Exercise goal → Give a verbatim copy of the lines below, minus the pictures.

Provided data →
========

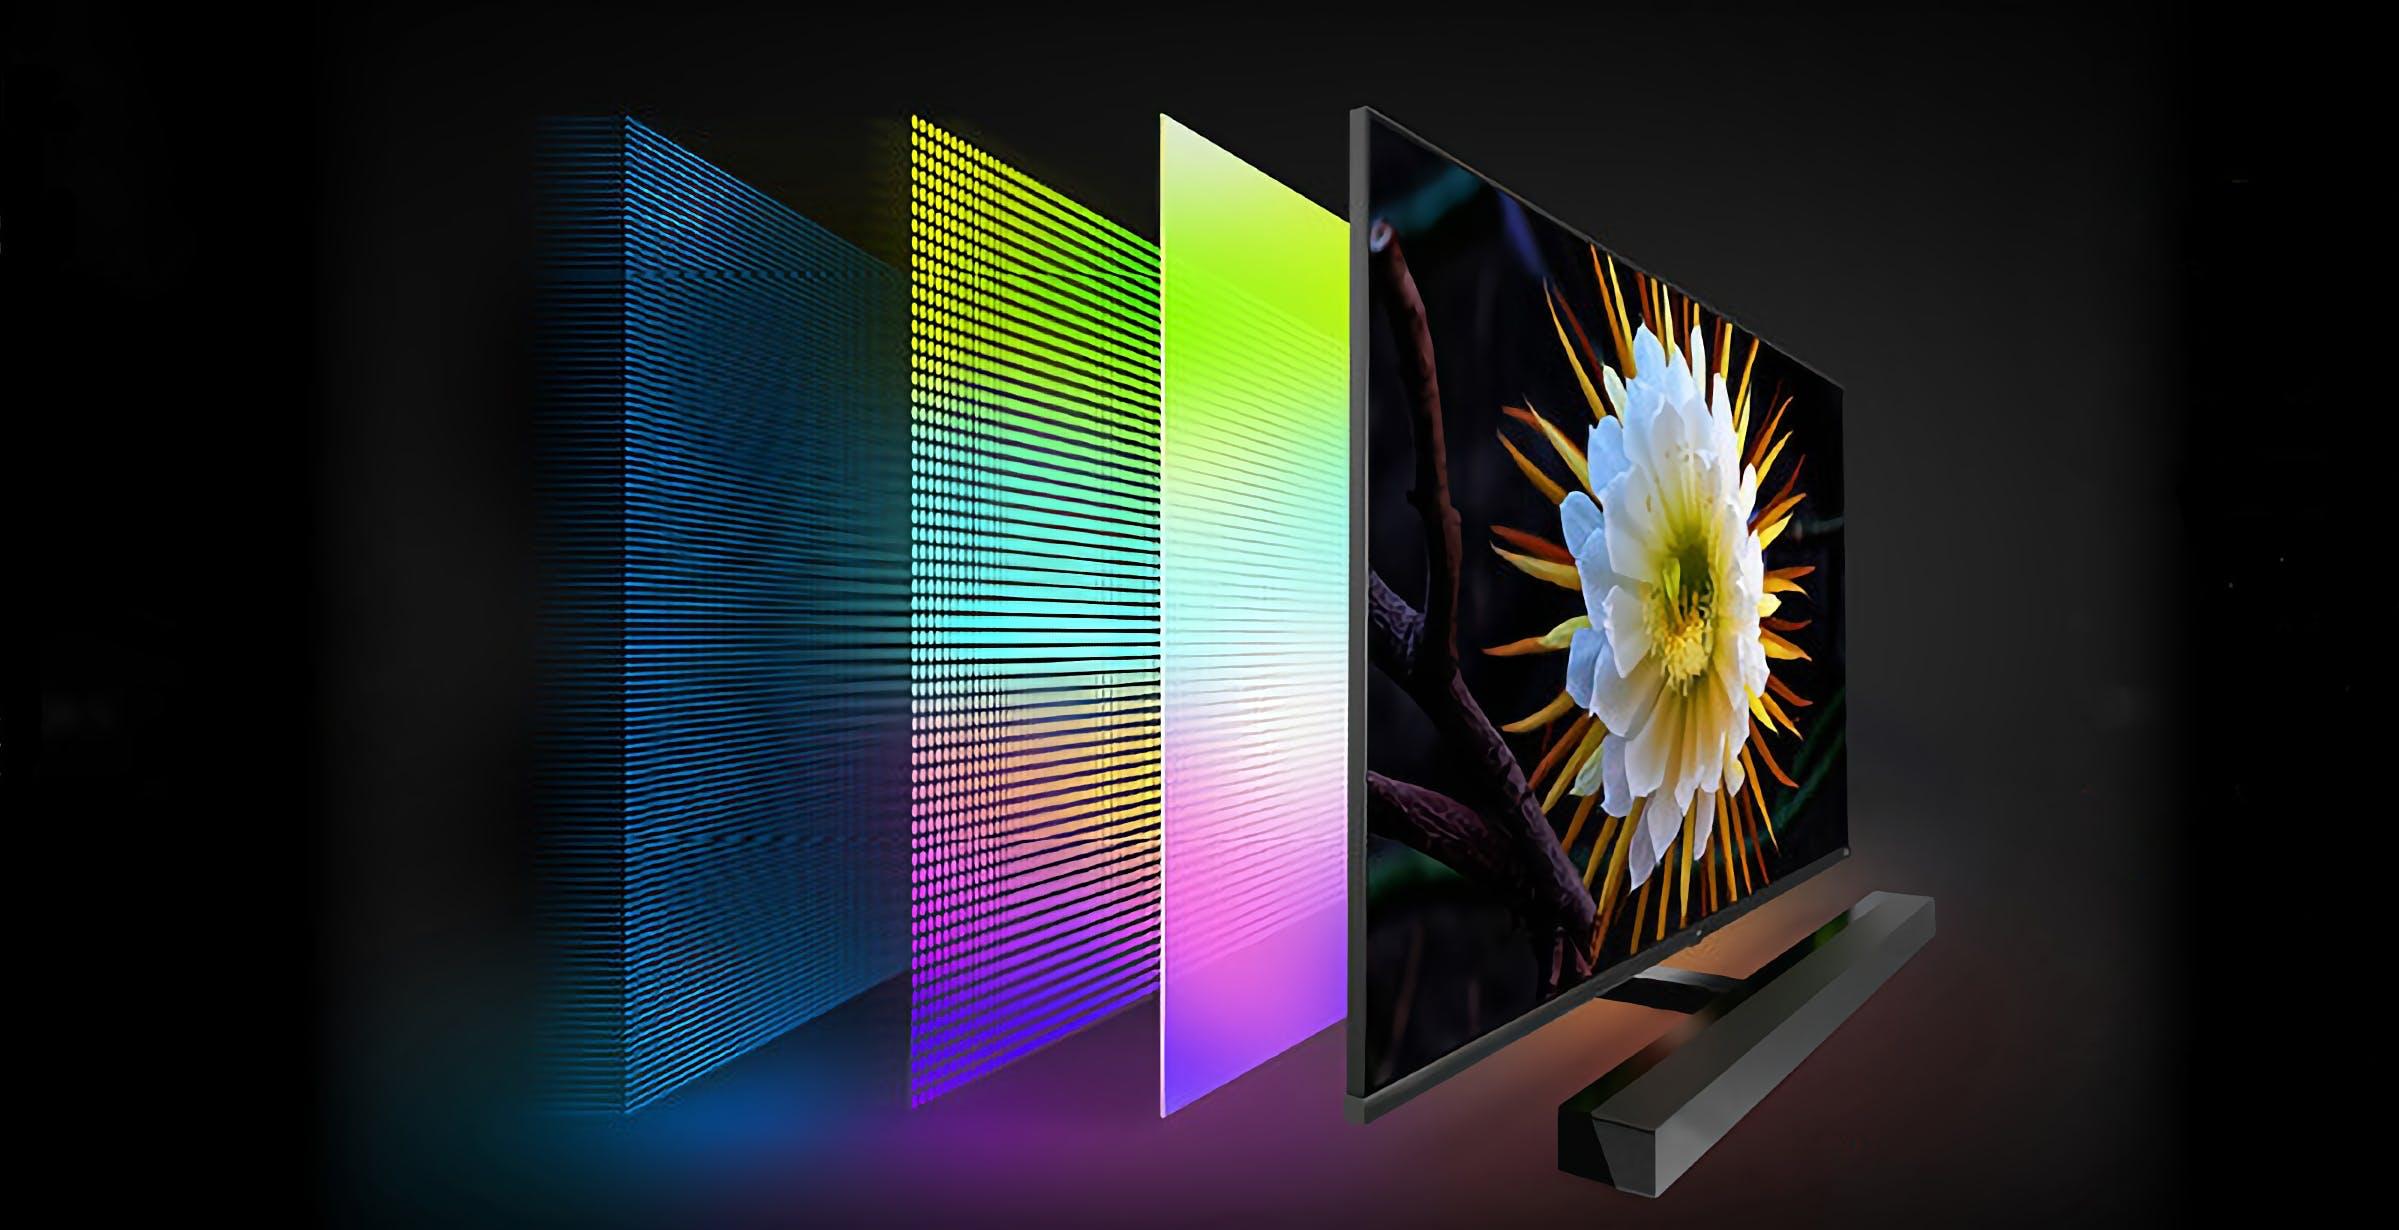 Samsung dice no ai display QD-OLED. Nel 2021 il focus sarà solo sui QLED con Mini LED
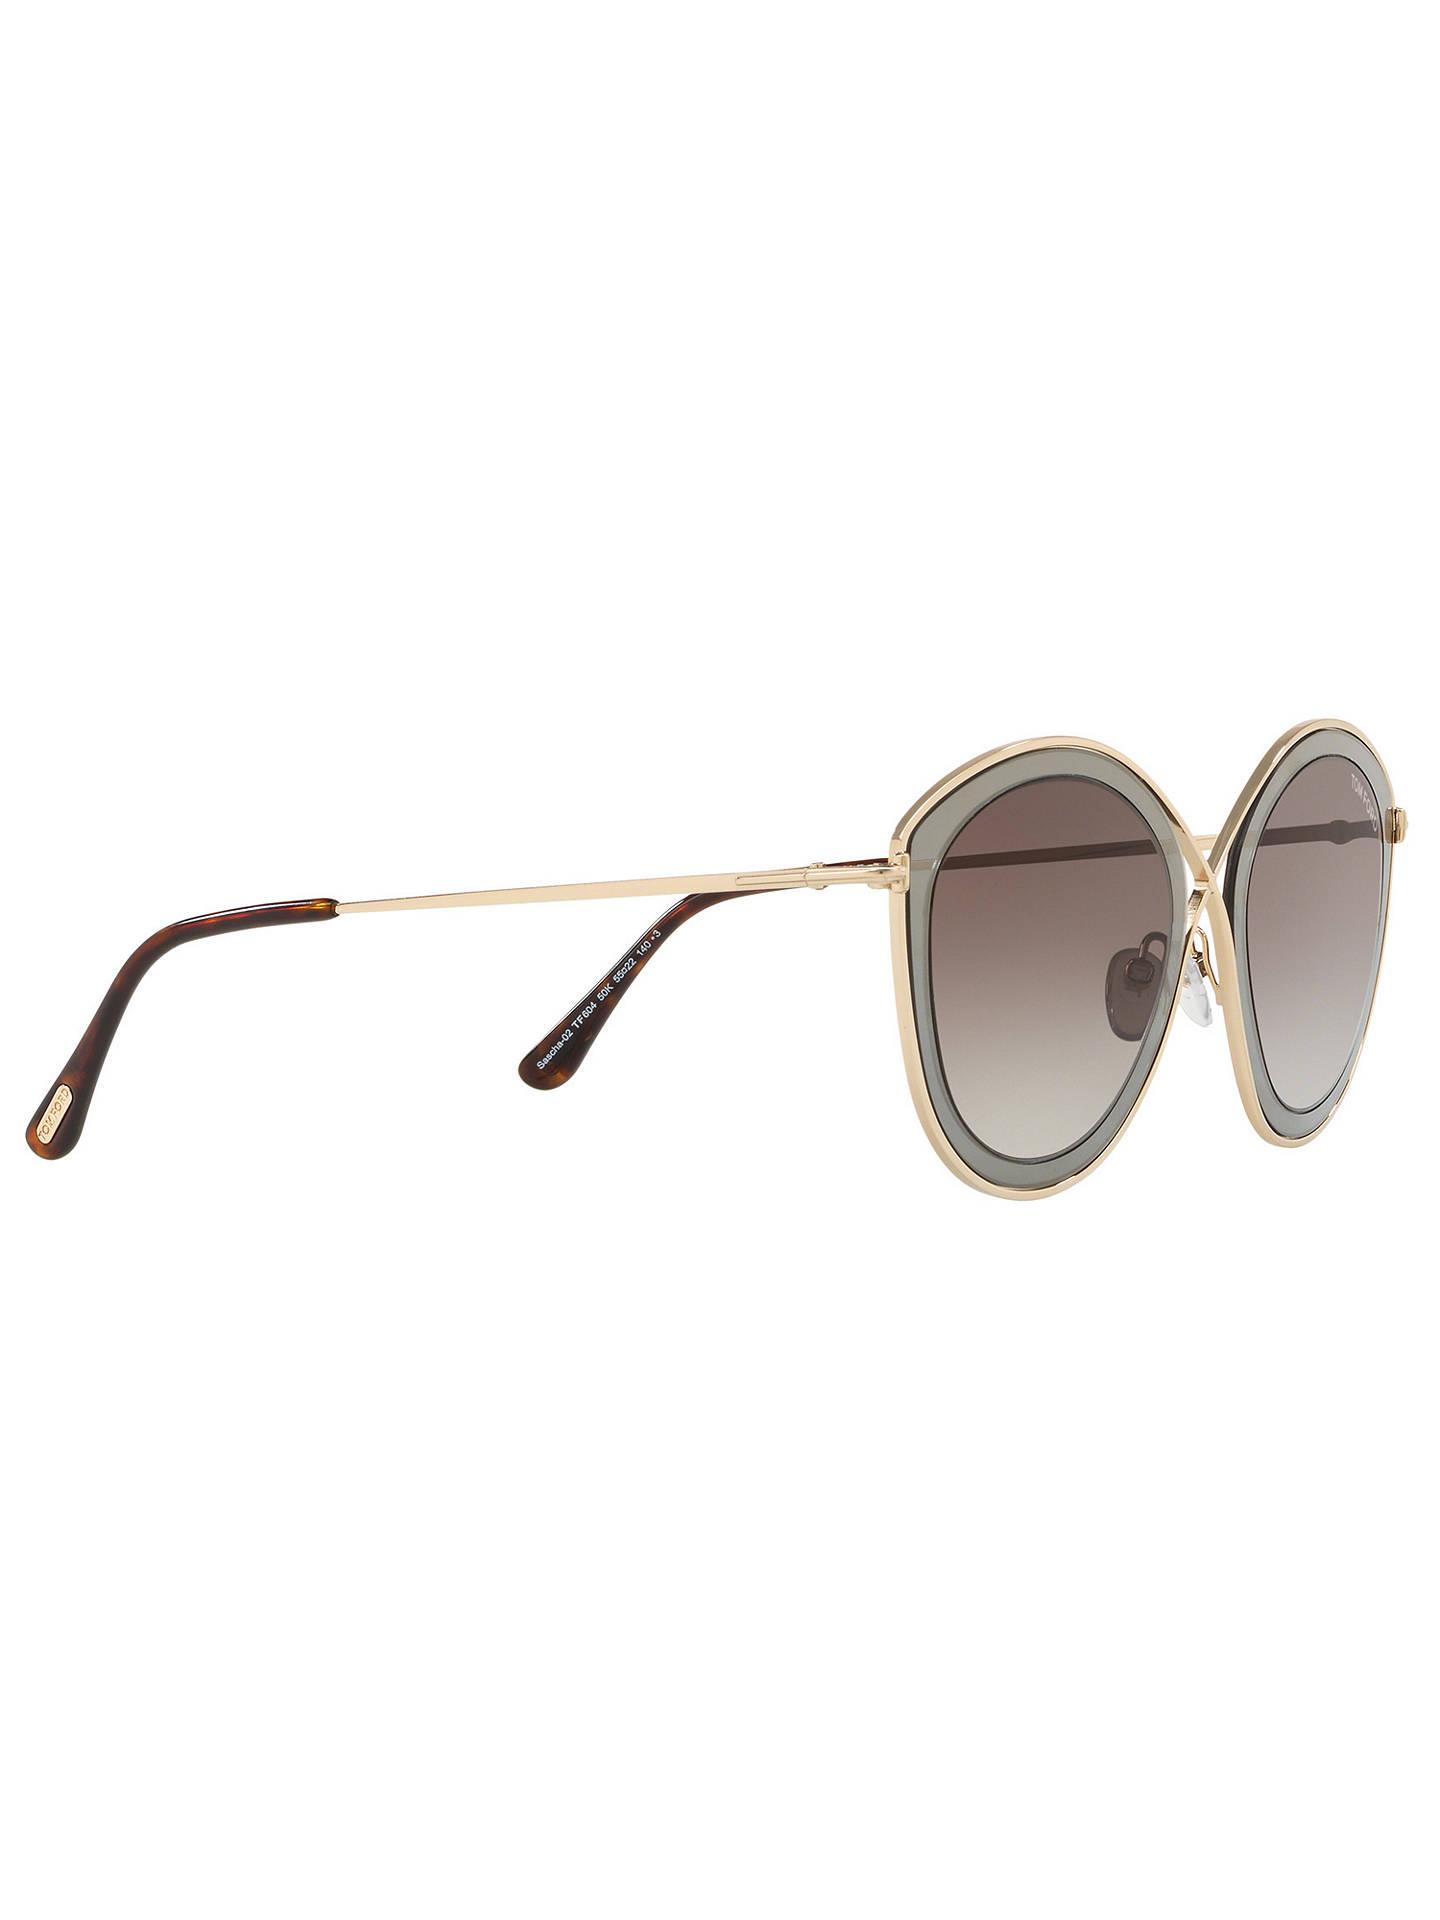 Sascha Cat's Women's Gradient Tom Ft0604 Eye SunglassesGoldbrown Ford hQdCxtsr
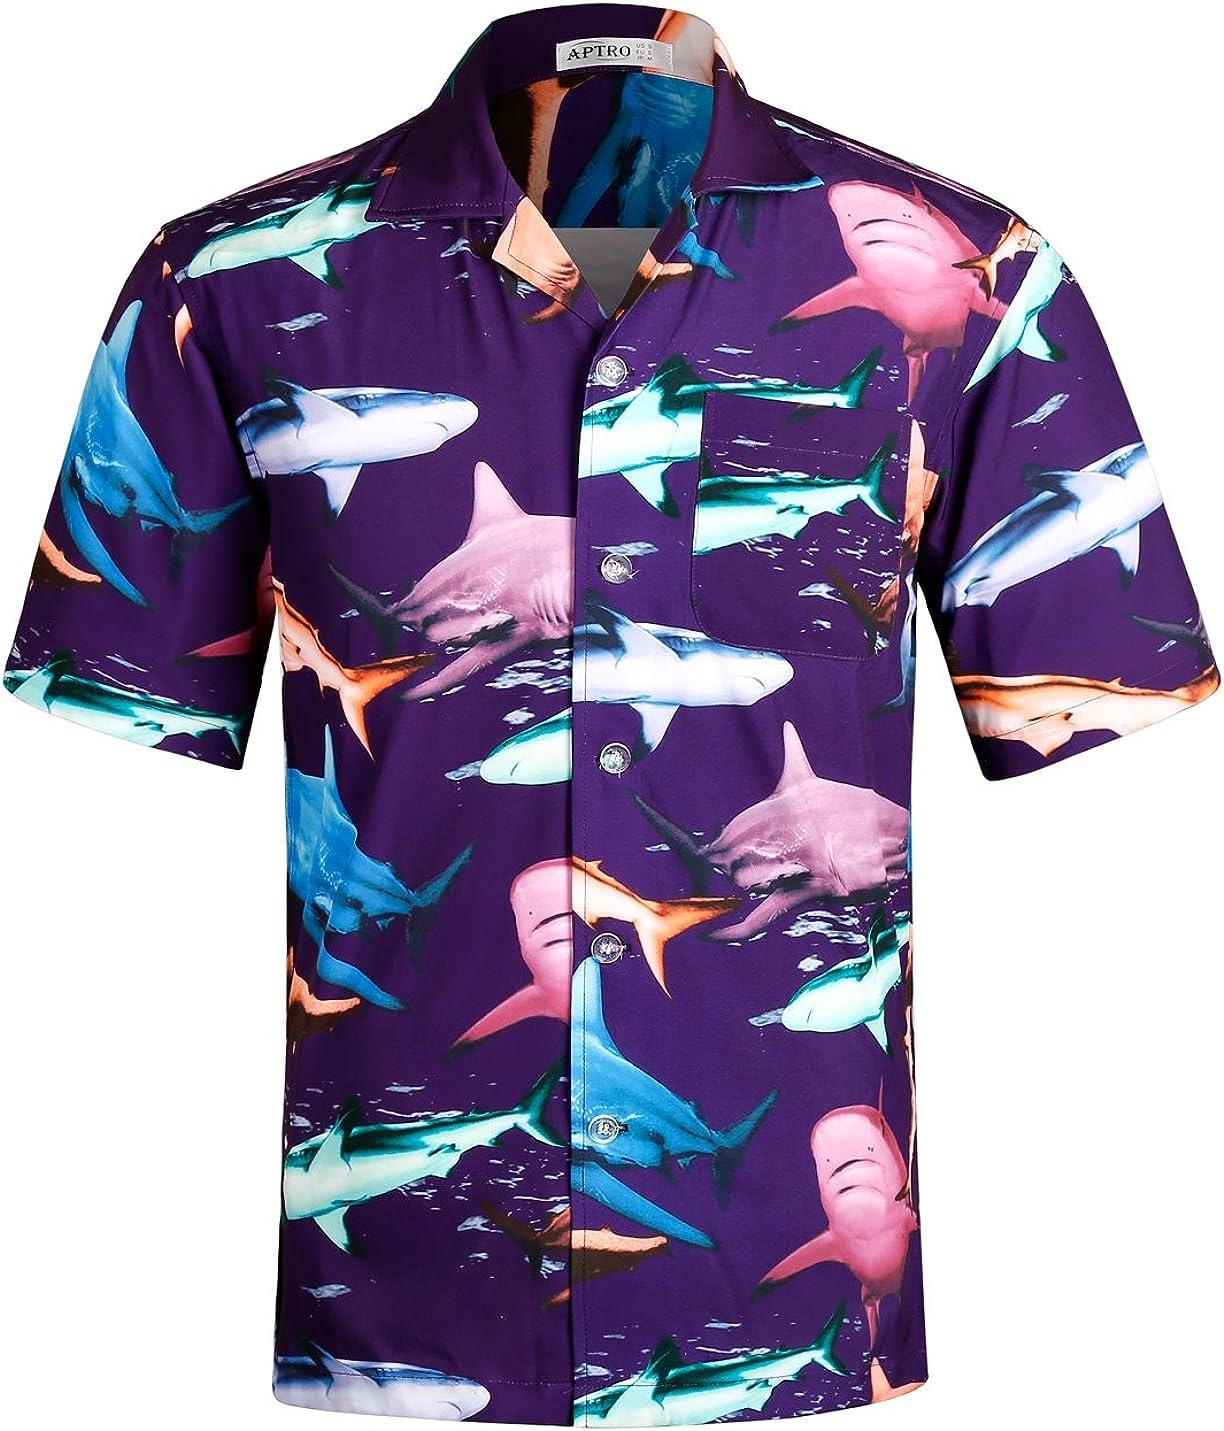 APTRO Men's Casual Hawaiian Shirt 4 Way Stretch Relax Fit Short Sleeve Tropical Shirts

========

Response →
 Samsung dice no ai display QD-OLED. Nel 2021 il focus sarà solo sui QLED con Mini LED
 Sascha Cat's Women's Gradient Tom Ft0604 Eye SunglassesGoldbrown Ford hQdCxtsr
 APTRO Men's Casual Hawaiian Shirt 4 Way Stretch Relax Fit Short Sleeve Tropical Shirts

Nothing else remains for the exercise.